Yes, the Mexican economy is doing well. Mexico is benefiting from some good economic stewardship, from Pres Zedillo in the mid-1990's to the very market oriented policies of President Calderon. Mexico has now had 3 consecutive presidencies without the kind of populism that the left preaches.
Furthermore, a good Mexican economy will keep Mexicans home, a big plus for our own immigration reform conversations.
Mexico joins Chile, Colombia and now Peru in implementing growth oriented policies, such as free trade agreements and encouraging foreign investment. They are success stories.
In Mexico, it looks like the new president is determined to follow the path of Chile too. So far, it looks like a "new PRI" is back in Mexico. The new PRI is doing what the right-center PAN could not do. It looks like the PRI is about to undress the country's biggest sacred cow - PEMEX.
President Pena-Nieto, the former governor of major state, is showing signs that he is "business friendly" and willing to tackle PEMEX by inviting foreign investment. Of course, PEMEX has little choice.

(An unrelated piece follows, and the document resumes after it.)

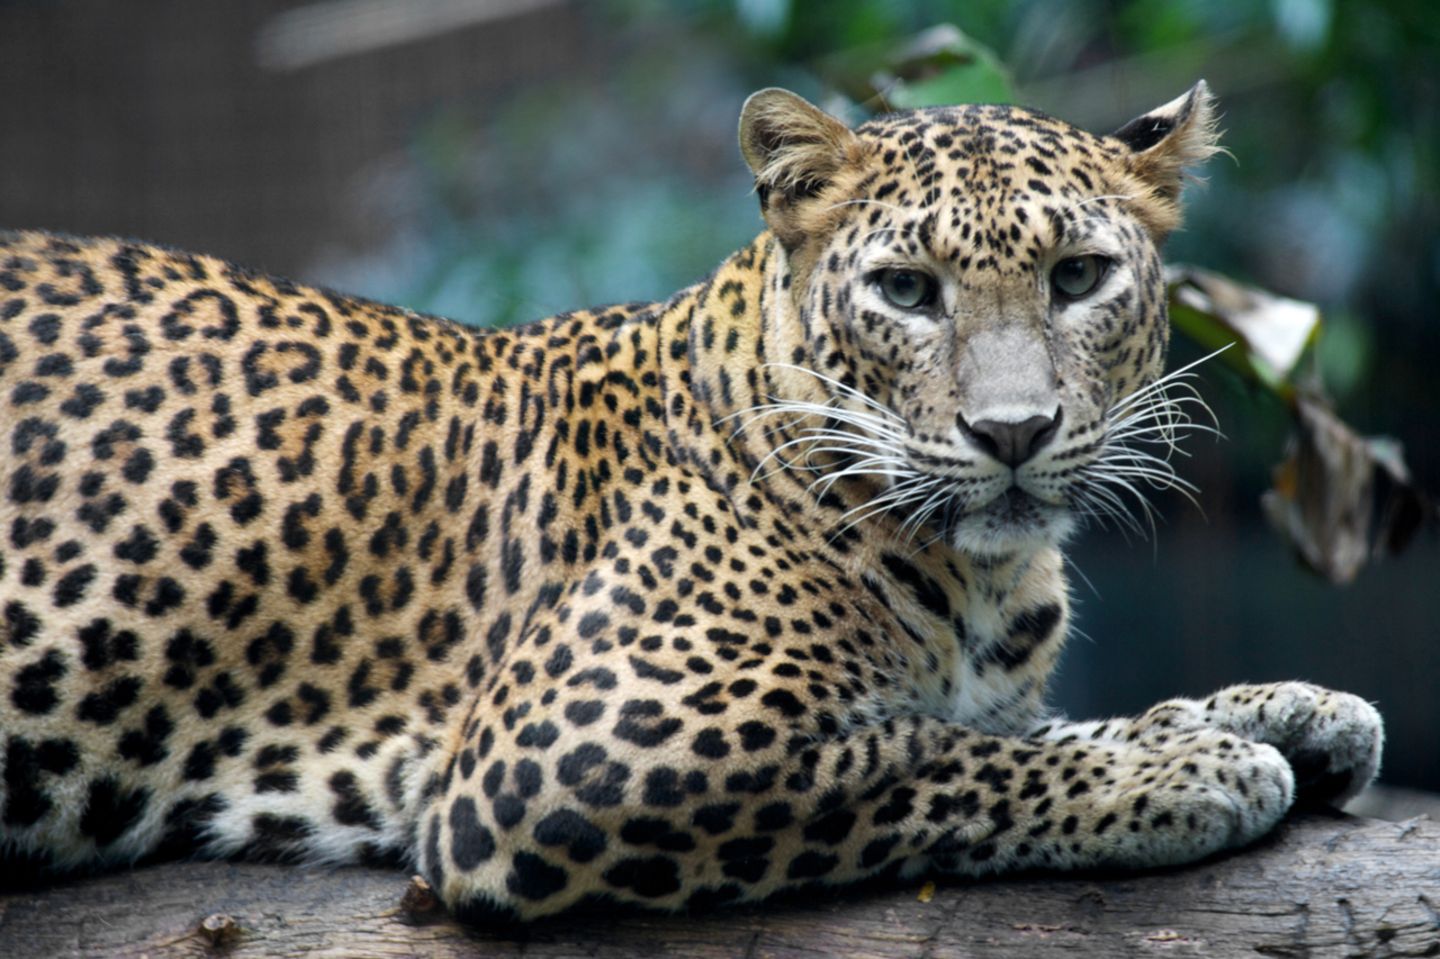 Englische Redewendung: A leopard cannot change its spots

The bloated bureaucracy is out of control. Worse than that, Mexico won't be able to export much oil after 2016.
PEMEX is the biggest economic problem in Mexico. It is a "cash machine" for the party in power and ceased to be an energy company years ago.
On the bad side, violence has now reached Mexico City. It is no longer a problem on the border or "el norte".
My good friend Alfredo Corchado of The Dallas Morning News, one of the very best US journalists covering Mexico, put some bad news on our front page today: Mexico's drug violence epidemic moving closer to capital
This is really bad stuff."The murderous stain that has spread through entire regions across the country is inching its way into the nation's capital, raising fresh concerns even as the new administration is saying little about it, hoping to change the nation's narrative.
January was one of the bloodiest months in the Mexico City area, with about 90 people killed on the outskirts of the capital, undermining President Enrique Peña Nieto's vows to usher in peace and comfort for a weary country. Some reporters complain that the new administration wants to keep a lid on bad news, focusing more on issues like education reform and programs to alleviate poverty."
Up to now, Mexicans have consoled themselves with the idea that the violence has not reached the big cities. Unfortunately, it has.
My guess is that President Pena-Pieno sent the wrong message to the cartels during the campaign. He criticized President Calderon's approach, or putting soldiers on the streets.
President Pena-Nieto said that he would train the police and put the army back in the barracks. I understand that but it's going to take years, as Colombia taught us, to put a capable police force on the street. In the meantime, only well armed soldiers can deliver the message!
Again, Mexico has a lot to be proud of, from exemplary elections to an expanding middle class but the leadership cannot let up on fighting the cartels.
Otherwise, the investors will go to Chile, Colombia or Peru, where they don't have to worry about getting kidnapped or attacked in the streets.